“Your word is everything…Be slow to commit that vote” — Gail Schwartz #coleg

Gail Schwartz
Gail Schwartz

Adios Ms. Schwartz, it was fun watching you work for sensible water policy in the legislature over the years. Thanks for reading Coyote Gulch. Here’s a report from Curtis Wackerle writing for the Aspen Daily News. Here’s an excerpt:

Gail Schwartz, who for eight years represented Senate District 5, which includes Pitkin County, in the state capitol, looked on Wednesday as her successor was sworn in. Democrat Kerry Donovan of Vail won a narrow election in November over Don Suppes, the Republican mayor of Orchard City, thanks largely to Donovan’s nearly 40-point margin of victory in Pitkin County.

Schwartz, also a Democrat, won two close elections in 2006 and 2010 for her two terms in the Senate, both with strong Pitkin County support.

Senate District 5 now includes parts of Gunnison and Delta counties, and the entire counties of Pitkin, Lake, Eagle, Chaffee and Hinsdale. Before a reapportionment process following the 2010 Census, it encompassed Pitkin, Gunnison, Chaffee, Hinsdale, Mineral and a portion of Delta, plus the five counties of the San Luis Valley in south-central Colorado.

Schwartz on Tuesday said she is proud of her work establishing the Building Excellent Schools Today program, which came about in 2008 and provides competitive grants that support new school construction in rural areas. Other highlights include renewable energy and water conservation efforts she championed in the legislature.

“It’s been an extraordinary time,” Schwartz said. “We’ve gotten a lot done, not just for Senate District 5, but for rural Colorado and the state as a whole.

“ … The bottom line is that I have been so blessed and so honored to serve.”

The now former senator, who at one point was being recruited to challenge Rep. Scott Tipton for his U.S. Congress seat representing the Western Slope, said she does not yet know her next occupation. Schwartz said she has “several balls up in the air.”

“I’m not looking to go lie on a beach someplace,” she said.

While she does not want to jump into anything too quickly, Schwartz said she sees opportunities to work on policy development, possibly in education or renewable energy, perhaps with a consulting organization, in a political office or state agency, or with a nonprofit group.

“I’m tilling the soil to see where the opportunities might be,” she said.

She said she has no plans to become a lobbyist.

“I don’t have the genetic makeup,” she said.

Schwartz also serves on the board of the Aspen Community Foundation and on the High Country Regional Council of the El Pomar Foundation…

Institutional knowledge

The Colorado Constitution limits state senators to no more than two consecutive four-year terms. That seems a little counterintuitive to Schwartz, who said she is still running at full speed.
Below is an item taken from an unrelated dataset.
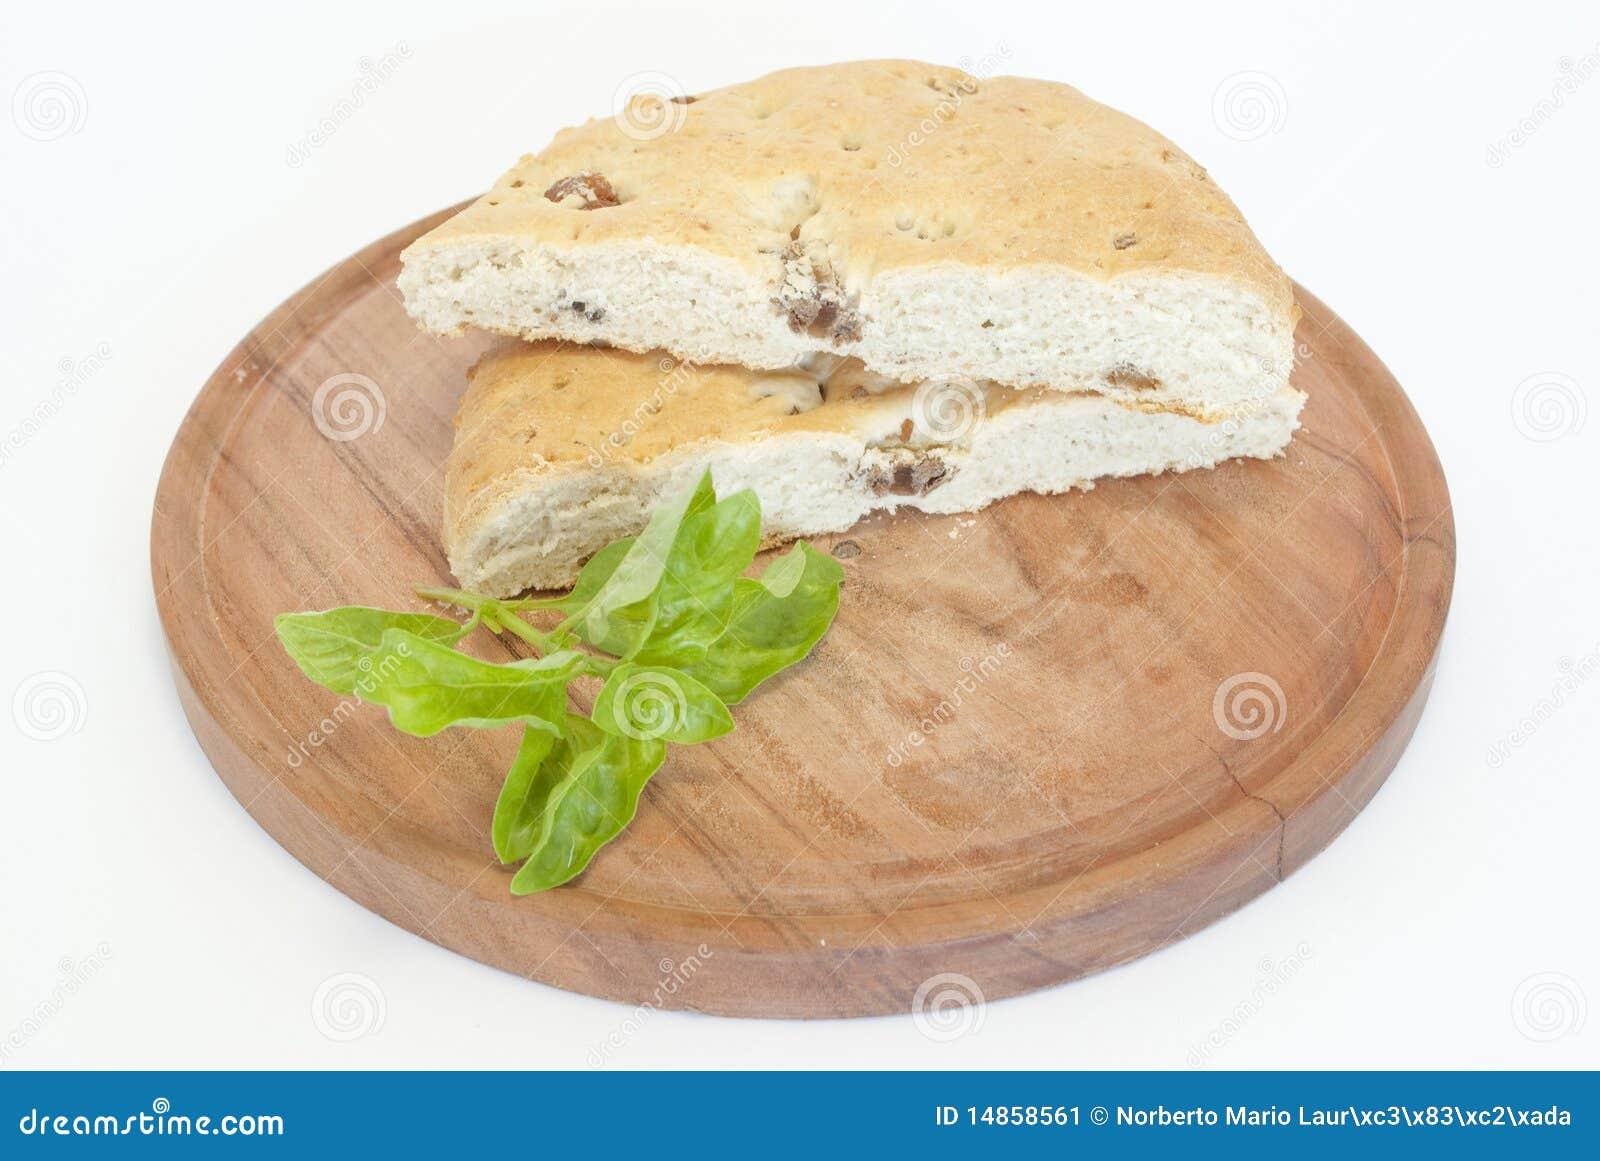 Bread with pork skin

Those term limits lead to a loss of a great deal of institutional knowledge, she said, and she has seen plenty of legislators she looked up to walk out the doors of the capitol, perhaps before their time.

When that is the case, “the question is what happens to that institutional knowledge?” she said. “Who will take the reins? Who will new legislators look to for guidance?”

Schwartz said that there are more pressing issues that might call for amendments to the state constitution, namely untangling contradictory state revenue and expenditure mandates. But if the term limits question were ever to come up, Schwartz said she would support revisiting the issue. State-level politicians are more accountable to their constituents than on the national level, she said.

“I believe we already have term limits — they’re called elections,” she said.

Advice for new a legislator

Schwartz said she has met extensively with Donovan, whom she endorsed and describes as smart and hard working.

“She’s quite the student, and she will take the time to study the issues,” Schwartz said of Donovan.

Schwartz said she and Donovan went through all the files in Schwartz’s office, with Schwartz setting aside those she thought were particularly important. She also passed along to Donovan “about 20 bill ideas I thought would be beneficial to the region.”

“She heard some of those. I’m extremely grateful that we do have a strong working relationship,” she said. “I believe we share many of the same priorities.

“ … I certainly respect her independence and being able to do things her way.”

In general, Schwartz said she would pass along the same advice to Donovan that she was given when she began her tenure in the Senate.

“I think you want to stay in your seat and listen and learn, and not be too quick to jump on things or provide your opinion until you really understand the issue,” she said.

The other important piece is to always be cognizant that, as legislator, the only thing you have is your vote, she said. Always be slow to commit it, and don’t promise it to a lobbyist or fellow legislator until you are absolutely sure, and have gone through a thorough process that includes citizen input.

“Your word is everything,” Schwartz said. “Be slow to commit that vote.”